I'm not sure what would ignite that change in ERP because I think the number
of businesses that need that scale of organization isn't going to increase
dramatically, so there won't be economies of scale. I guess a valid question
would be - how many companies aren't using an ERP at all that would benefit if
one was available at the right price? My computer centric view makes me forget
that some people still use paper and pencil, land lines, and write checks.

------
ajmoir
Great minds etc.

I was also looking at ERP after working in the field for a number of years. I
was planning on coming from a very different angle. Hosting a very
configurable system that required little or no manual intervention. Aiming at
small business for a $20 per month per user fee.

Then I discovered I hate running a business, not just dis-like but hate so
much I never want to do it again :-(

I think your idea could take off but the software has to be malleable, this is
in contrast to nearly every piece of software written to this day which is
brittle. I was looking at this as just a way to predict how software will be
written in the future.

First off read a couple of books to understand better where I'm coming from :-

    
    
        Necessary But Not Sufficient by Eliyahu M. Goldratt
        Naked Objects by Richard Pawson
    

From a business perspective I want a group of classes that mirror real world
items e.g. Order, Invoice, Address, Amount, Price, Date etc. Then I want
another group of classes that handle business actions e.g. Enter Order, Print
invoice. Lastly a group of classes that handle business process e.g. Process
Order, Calculate invoice etc.

The above would give you a group of objects that you can model the business
with and forget about technical details.

Then the underlying system could be built e.g. fully temporal, fully redundant
etc. etc.

The idea being that you could focus on business processes without thinking
about implementation details. In true naked object style the UI would be
automatically generated from the business action/process classes.

To make what you are thinking about work _ALL_ design has to be KISS and DRY.
Also, the more you can generate the better you'd be.

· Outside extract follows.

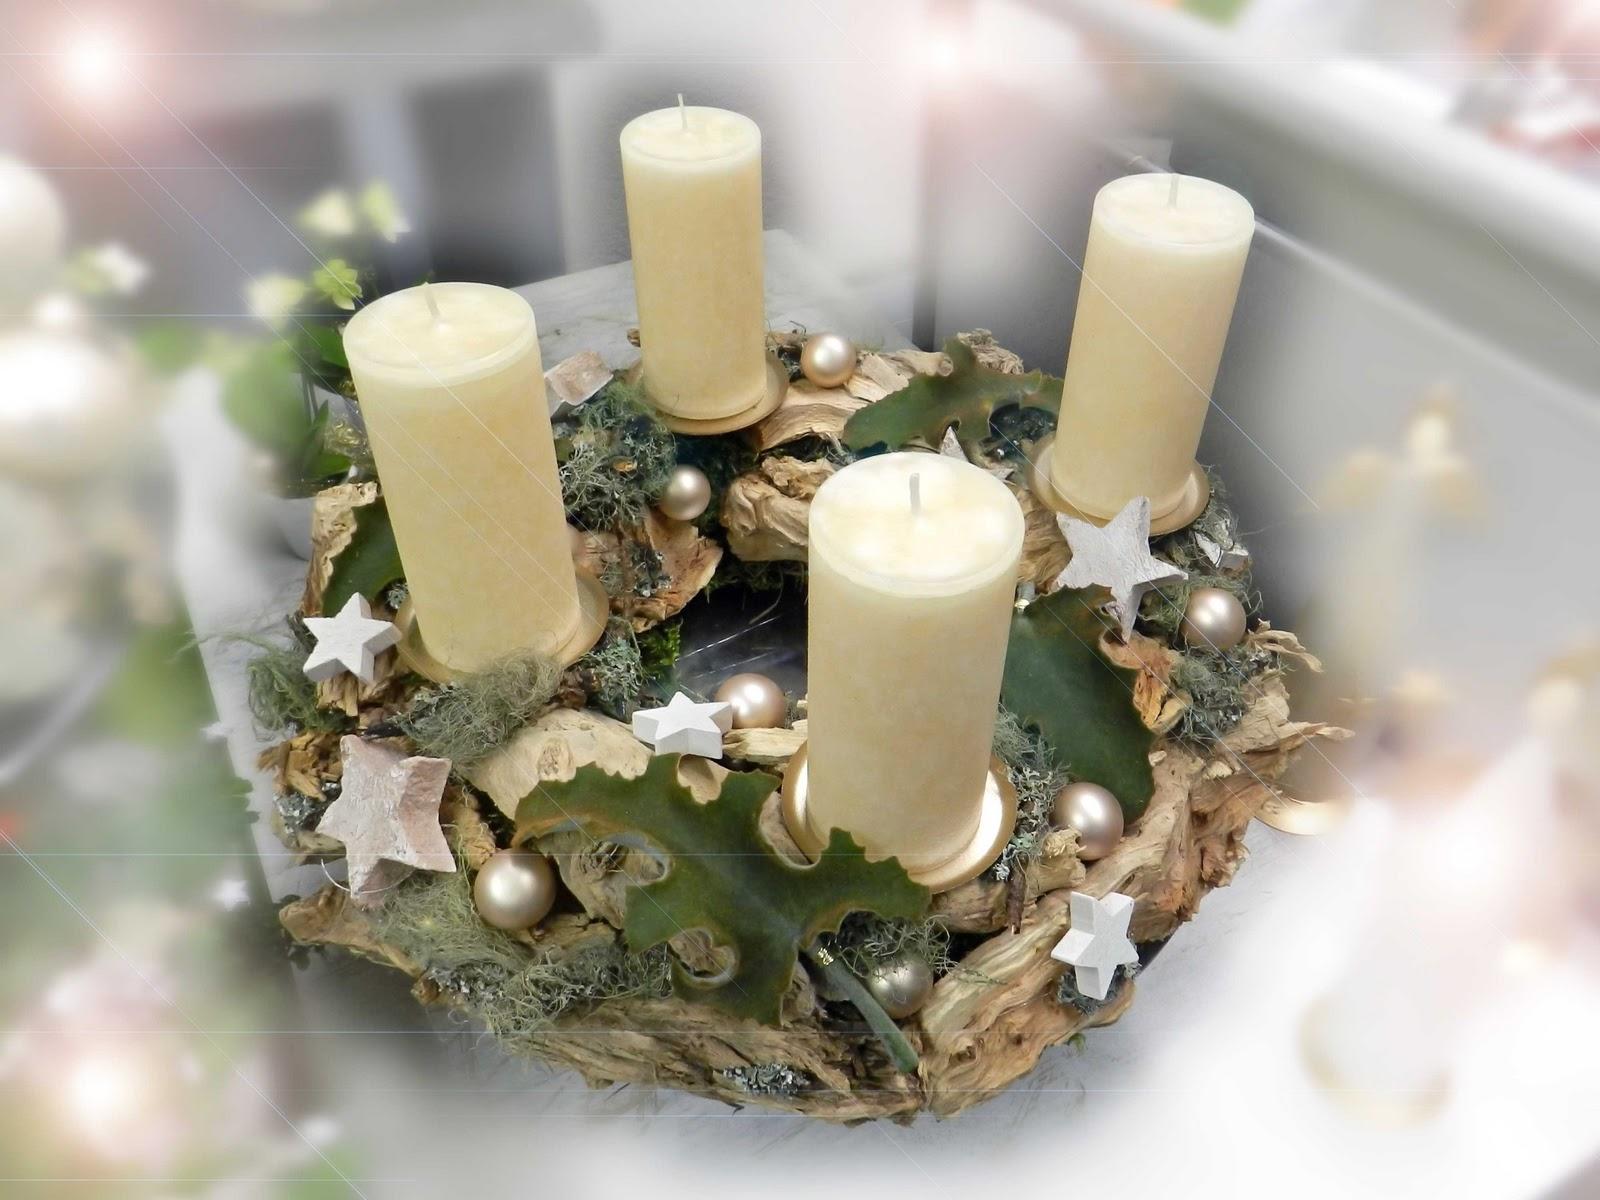 quadriga flora blumen geplauder die geschichte des adventskranz. Black Bedroom Furniture Sets. Home Design Ideas

I was thinking of using Lisp or SmallTalk to gain an advantage, must use a VM
to be able to separate business from technical. I want to my software running
24/7 with zero downtime including during upgrades, automatic rudundancy, load
balancing etc.

If you are thinking of something along these lines then drop me a line and I'd
love to help.

If you just want to re-implement the current paradigm don't bother contacting
me. The current paradigm is so broken it's not even funny.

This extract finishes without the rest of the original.